- Born: September 2, 1923
- Died: February 14, 1990 (aged 66)
- Notable work: "An Open Letter to My Teenage Son" (1967)

= Victor Lundberg =

American radio personality

Victor Lundberg was an American radio personality, best known for a spoken word record called "An Open Letter to My Teenage Son", which became an unlikely Top 10 hit in 1967.

=="An Open Letter to My Teenage Son"==
Released in September 1967, the song is a voice-over monologue that delivers an orchestral rearrangement of the "Battle Hymn of the Republic", after empathizing, somewhat, with a number of the typical teenage concerns of the day, memorably ends with Lundberg telling his son that if he burns his draft card, then he should "burn [his] birth certificate at the same time. From that moment on, I have no son." The lyrics, written by Robert R Thompson and produced by Jack Tracy. In real life, Lundberg had at least one male teenager in his household at the time.

"An Open Letter" became a hit in Michigan and was released nationally by Liberty Records, jumping onto the Billboard Hot 100 at #84 on November 11, 1967. Within three weeks the record went #58 - #18 - #10, making it one of the dozen or so fastest-climbing records in Hot 100 history up to that point, and Lundberg made an appearance on The Ed Sullivan Show on November 12, 1967. After another week at #10, the record slipped to #22 for the week ending December 16, 1967, then vanished from the Hot 100 completely, after a total run of just six weeks. Few other records have ever been ranked so high in such a short chart stay on the Hot 100 (Napoleon XIV's "They're Coming to Take Me Away, Ha-Haaa!" peaked at #3 but was only on the Hot 100 for six weeks; Kenny G's "Auld Lang Syne" (The Millennium Mix) peaked at #7 but was only the Hot 100 for five weeks) before the spate of records that have been doing so, starting in 2008 (see Biggest drops off the Hot 100 in List of Billboard Hot 100 chart achievements and milestones). However, it sold over one million copies within a month of release and was awarded a gold disc. "An Open Letter" also received a Grammy Award nomination for Best Spoken Word Recording, losing to Senator Everett McKinley Dirksen's "Gallant Men".

"An Open Letter" spawned at least ten "response" records. Most of these spoken-word records all have the father's son write a response to what the father had said.

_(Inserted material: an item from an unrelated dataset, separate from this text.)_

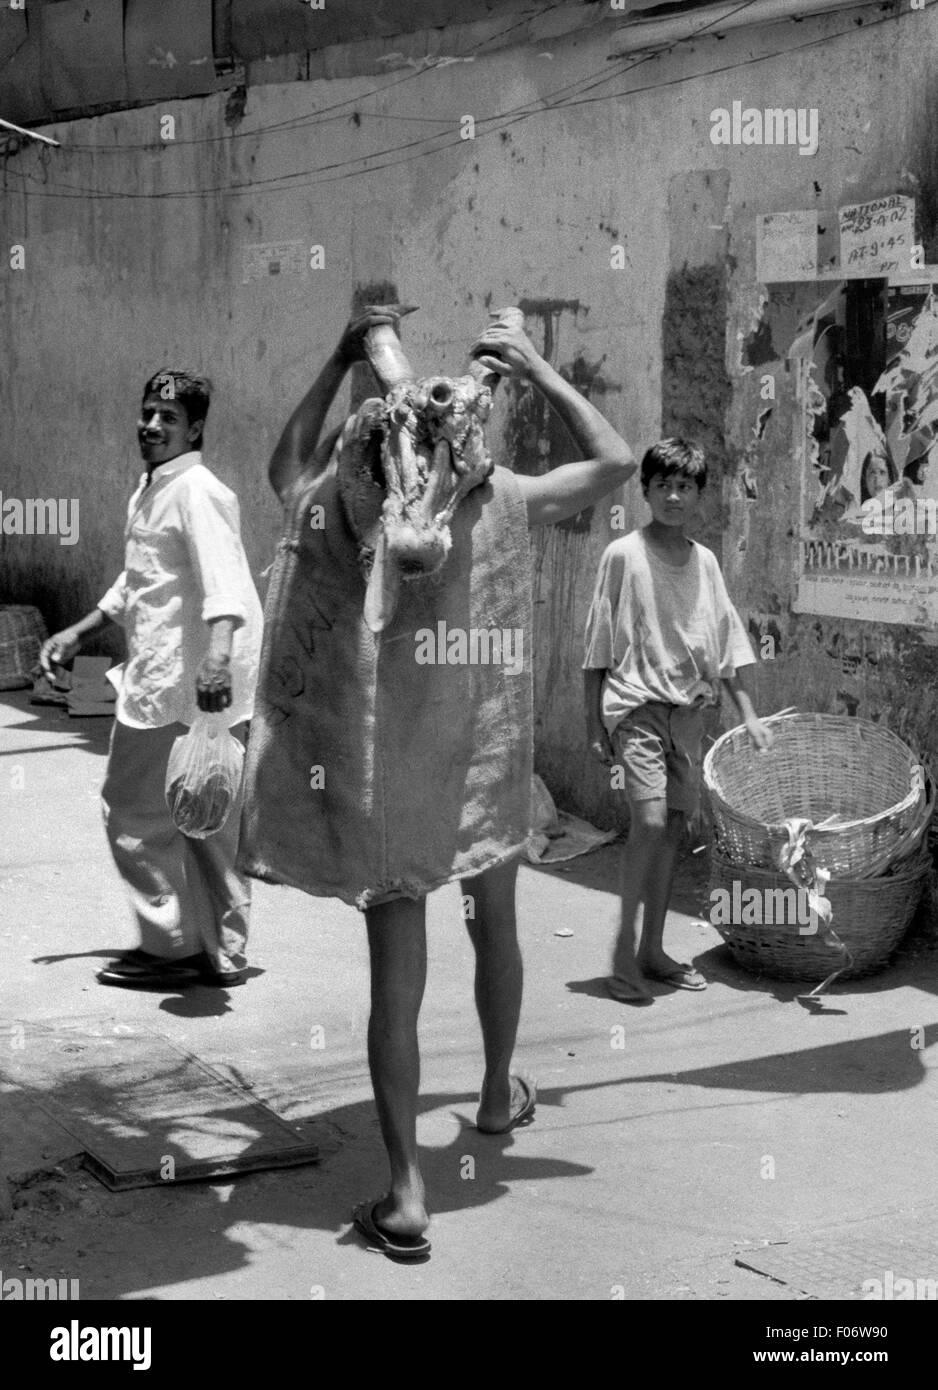 man carrying meat to market mumbai india brian mcguire - Stock Image
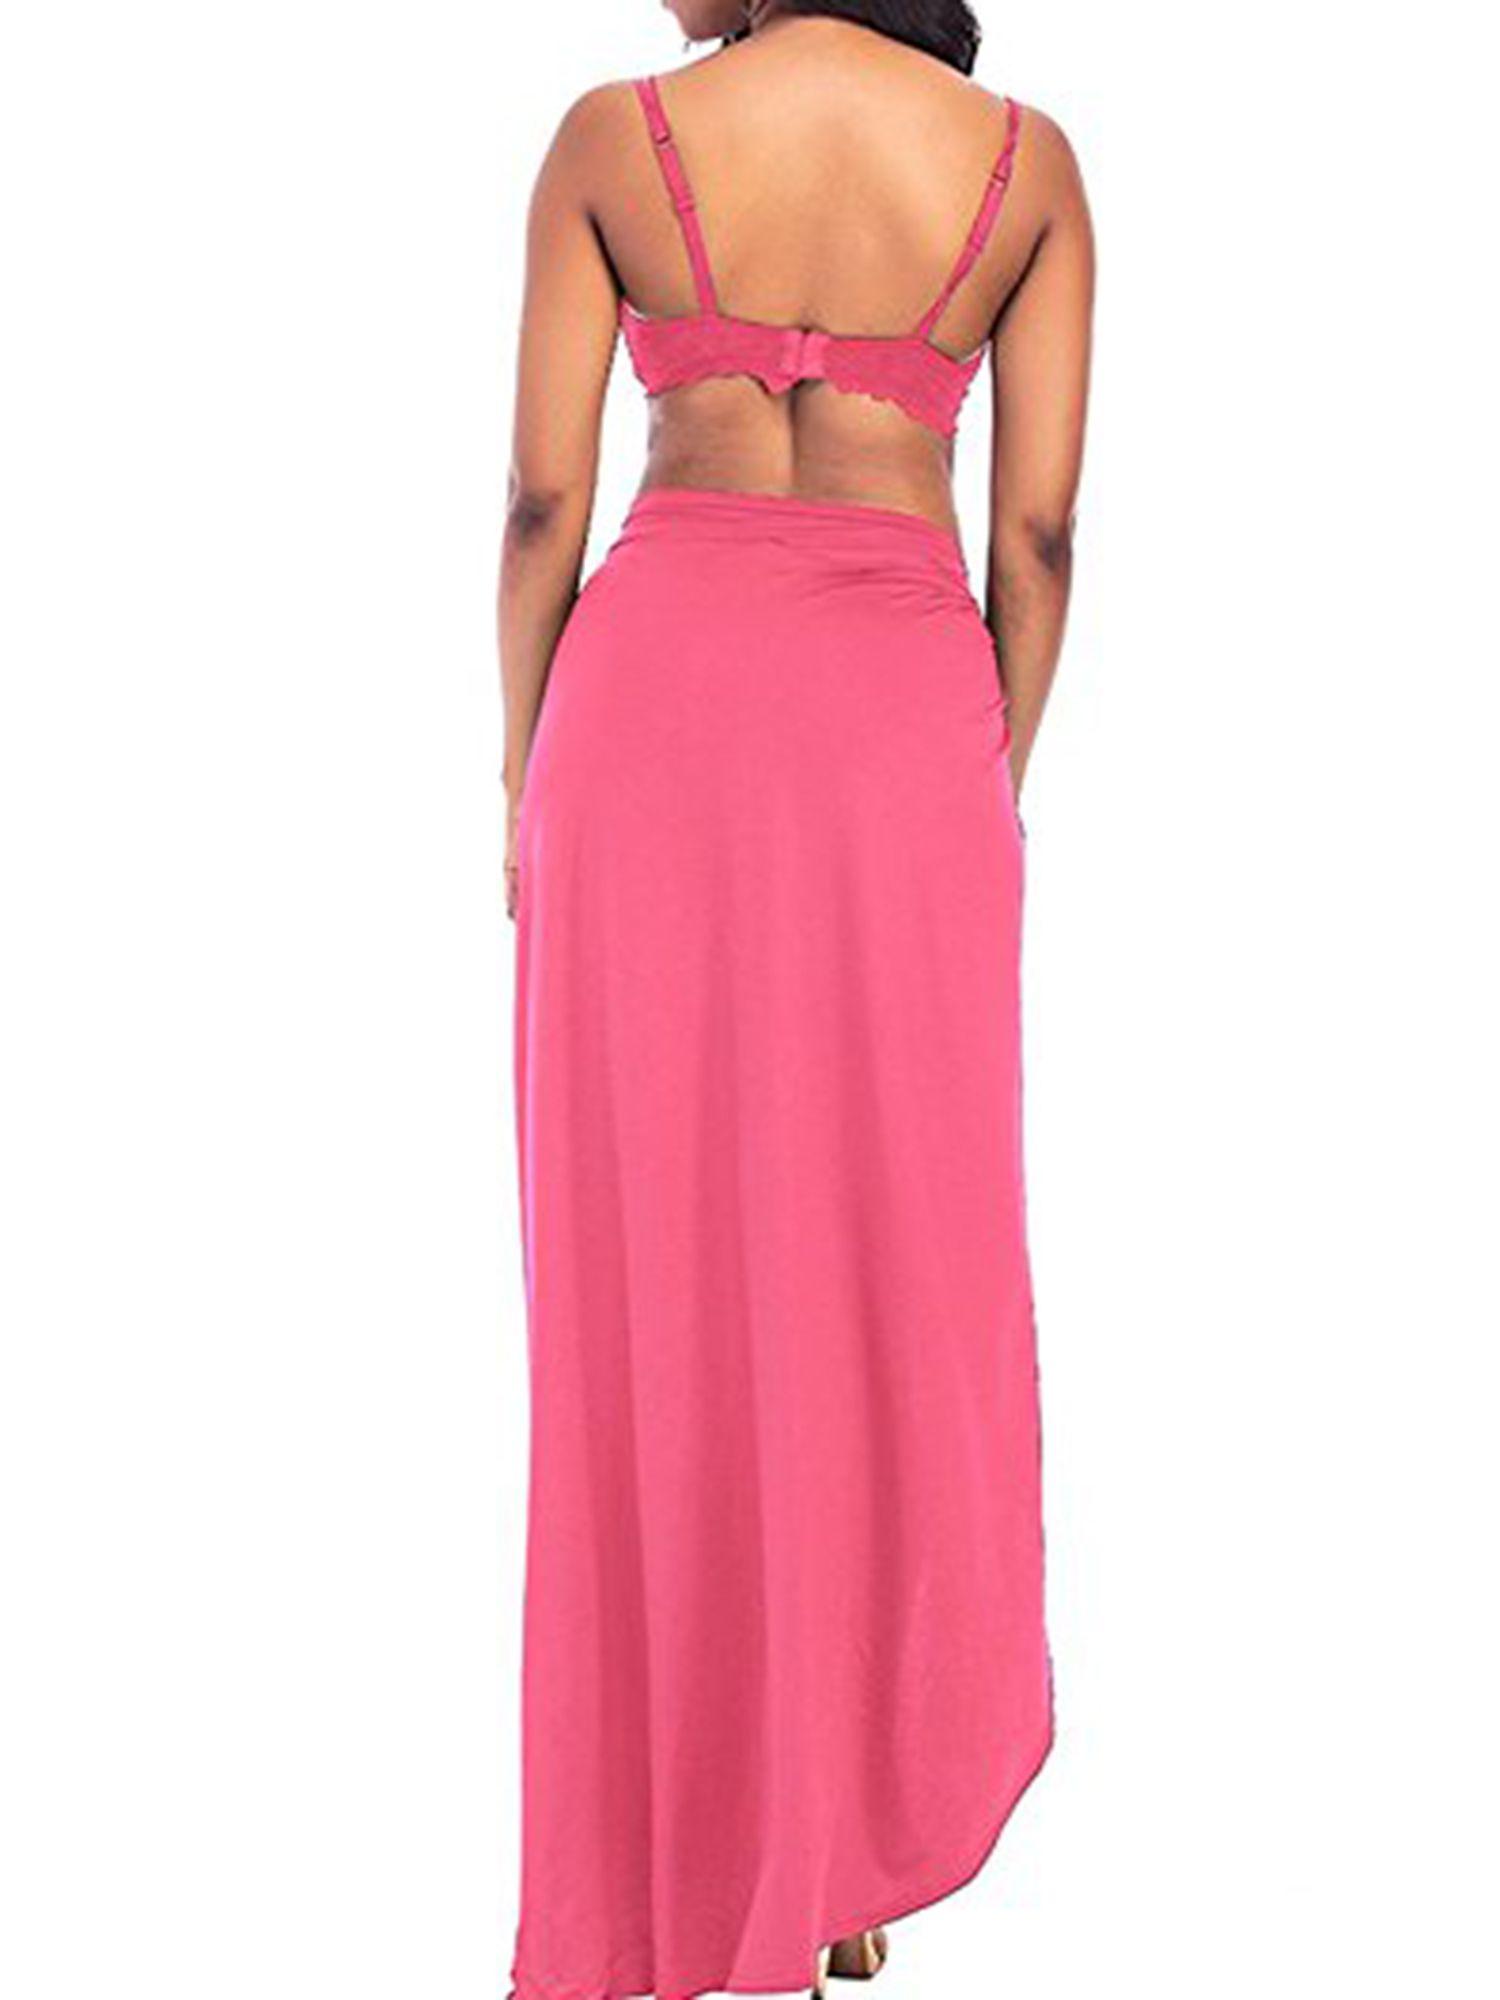 fac31d141b03f Plus Size Women's Spaghetti Strap Beach Dresses Cover Up Bikini Cover Up  Wrap Swimsuit V-Neckline Backless Long Dress#Beach, #Dresses, #Cover

The son's response varies from letter to letter, depending on the nature of the records.

The record was heavily criticised in a scathing review by William Zinsser, "The Pitfalls of Pop's Pompous Pop-off", in Life Magazine, 5 January 1968.

==Later years==
Encouraged by the single's success, Liberty released an entire album of Lundberg's musings, entitled An Open Letter (LST 7547) that failed to chart. The album featured ten selections about hippies, Vietnam War and American patriotism, many of which took a less strongly conservative line than "Teenage Son". "My Buddy Carl" (originally the B-side of the hit single) decried racial prejudice, while "On Censorship", takes an almost Libertarian view of "self-appointed ... censorious do-gooders". (Lundberg is sometimes identified as a leader of the Libertarian Party, but sources differ as to whether he was actually a member; the national party was not formed until 1971.)

Lundberg released one more record, in 1968: "Take Two (For the Relief of Racial Tension)" b/w "Impressions of Victor Lundberg", on the Buddah label. It was not a hit. Lundburg continued his career in radio broadcasting throughout; he voiced a large number of nationally aired commercials (notably, Peter Max commercials), and was an on-air personality part-time, even in retirement. His last regular live radio show ended in 1979 on what was then WYBR, in Belvidere (Rockford), Illinois. Victor Lundburg died in 1990.